For the first two decades of my adult life I pursued a career in the family tradition of construction. My father, grandfather, uncles, cousins, and other extended family were all involved in home building, remodeling, or other construction in some way. I even owned my own homebuilding business for more than a decade. During that time, my own health and fitness were always a priority, working with trainers and coaches to help me take care of myself and perform better. When I decided it was time to make a career change twelve years ago, it seemed only natural to shift into something I was passionate about, fitness.
Despite being more than a decade removed from home building, I often still think in those terms. Building a home that will stand strong against the elements requires a set of plans which need to be constructed in a specific order. The roof cannot be put on before building the foundation or framing the structure, and none of it will fit together and work properly without architectural plans. Our individual fitness and well-being works in a similar way.
If we want to build a healthy sustainable lifestyle that will stand the tests of time, it takes patience, good execution, and a well-designed overall plan that includes the components of consistency, purposeful exercise, unstructured activity, nutrition, rest and recovery, stress management, health care, emotional self-care, and social interaction. It’s not just exercise and diet. Only paying attention to exercise and diet while ignoring the other components would be like trying to build a house with just framing and shingles without first building the foundation or putting in electrical and plumbing systems afterwards. Like a tent, you may be able to survive in it, but you can’t LIVE.
Professional personal trainers like myself wear the hats of architect and general contractor for your health and wellness home. We don’t just serve as the roofer nailing on the shingles or the mason bricking up the walls. We design your overall plan, coordinate the efforts of a team of people that can include massage therapists, registered dieticians, yoga or Pilates instructors, your family physician, physical therapists, and other fitness and medical practitioners.
Consistency is your foundation. No matter what types of exercise, diet, and other components you choose, doing them consistently is essential to long term success. Don’t confuse consistency with perfection. It’s not necessary, and arguably counter-productive in the long run, tct. You don’t need to eat perfectly every meal, nail five perfectly executed workouts every week, get eight hours of sleep every night, and meditate every day to be your healthiest. In fact, most people do best when they cut themselves a little slack and instead of perfection, strive for well-executed individual components that add up to a well-balanced lifestyle. Consistency means doing good things the majority of the time, week after week and month after month, not perfect things every time. Once you figure out how to maintain that sort of consistency, you’ve built the foundation. Even if the details of the programs aren’t yet ideal for you, establishing consistency in doing the things you do will set you up for success with the other elements of your healthiest life.

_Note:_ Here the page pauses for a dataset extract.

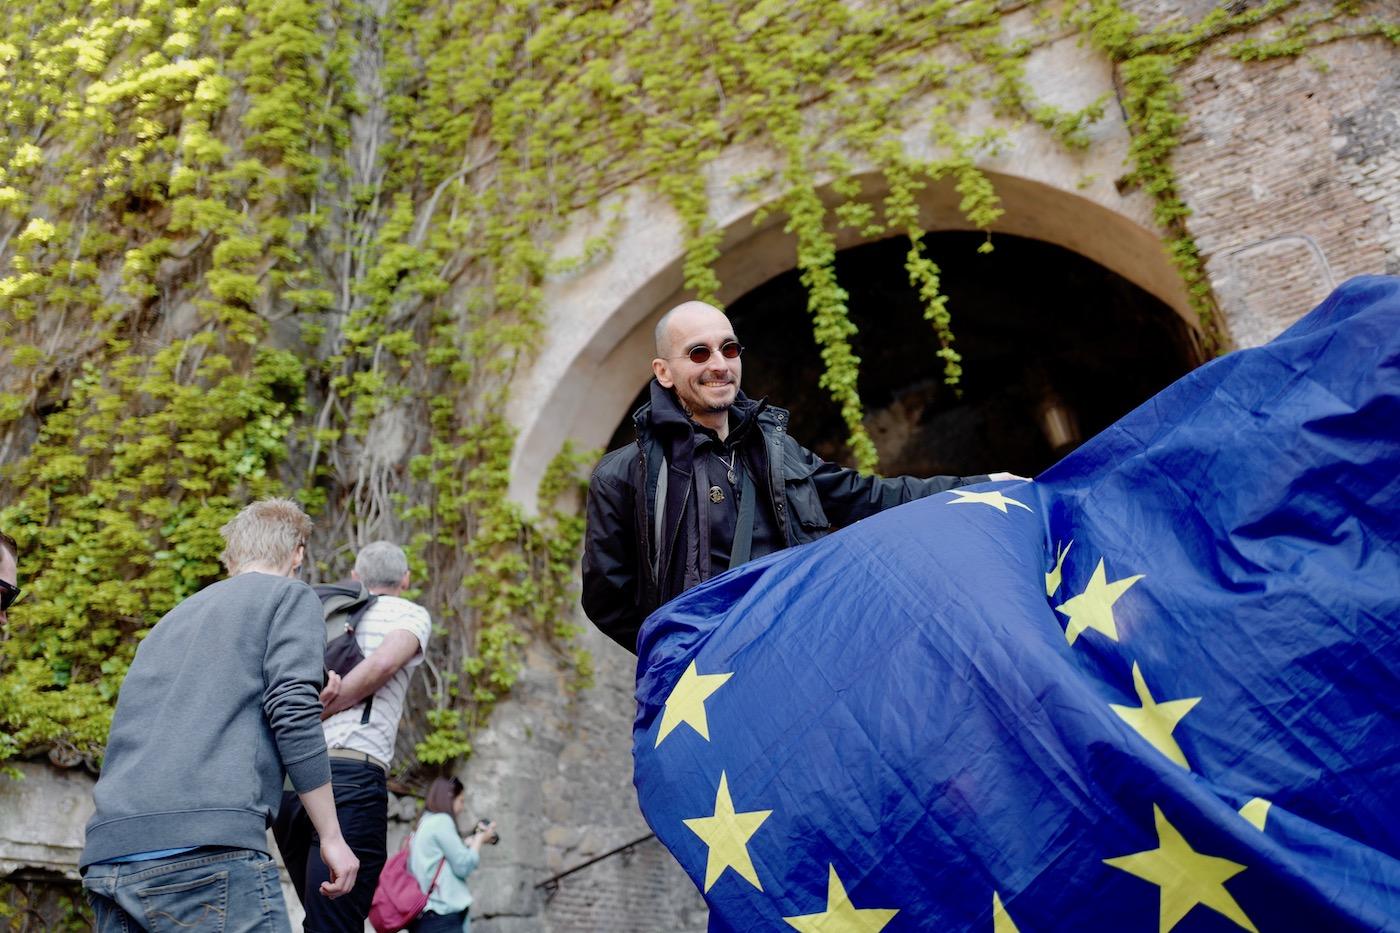 mark_benecke_europa - 32.jpg

Nutrition is the framed structure. Even when life throws us challenges that make finding the time for exercise or other self-care difficult, continuing to eat a healthy diet on top of the foundation of consistency keeps us healthy physically. It also provides stability and self-assurance to build on. When we neglect to develop and practice healthy eating habits, fewer benefits are gained from exercise and our bodies’ systems don’t function as well. A poor diet can even impact our moods and cognitive function.
Exercise and activity are the windows, doors, roof shingles, and brick. Exercise is formal and structured, and activity is unstructured and informal movement. Like their homebuilding equivalents, they make us more durable and help protect us from life’s “storms”. Consistent exercise and activity improve immune function, maintain bone density, and support a higher metabolism. With adequate exercise and activity, we are less vulnerable to diseases and heal more quickly in the event of an accident. Neglecting this aspect of our “home” can result in more damage than necessary when we encounter inclement weather in life. That little tumble off the curb tends to cause much more damage when we’re not physically strong and fit.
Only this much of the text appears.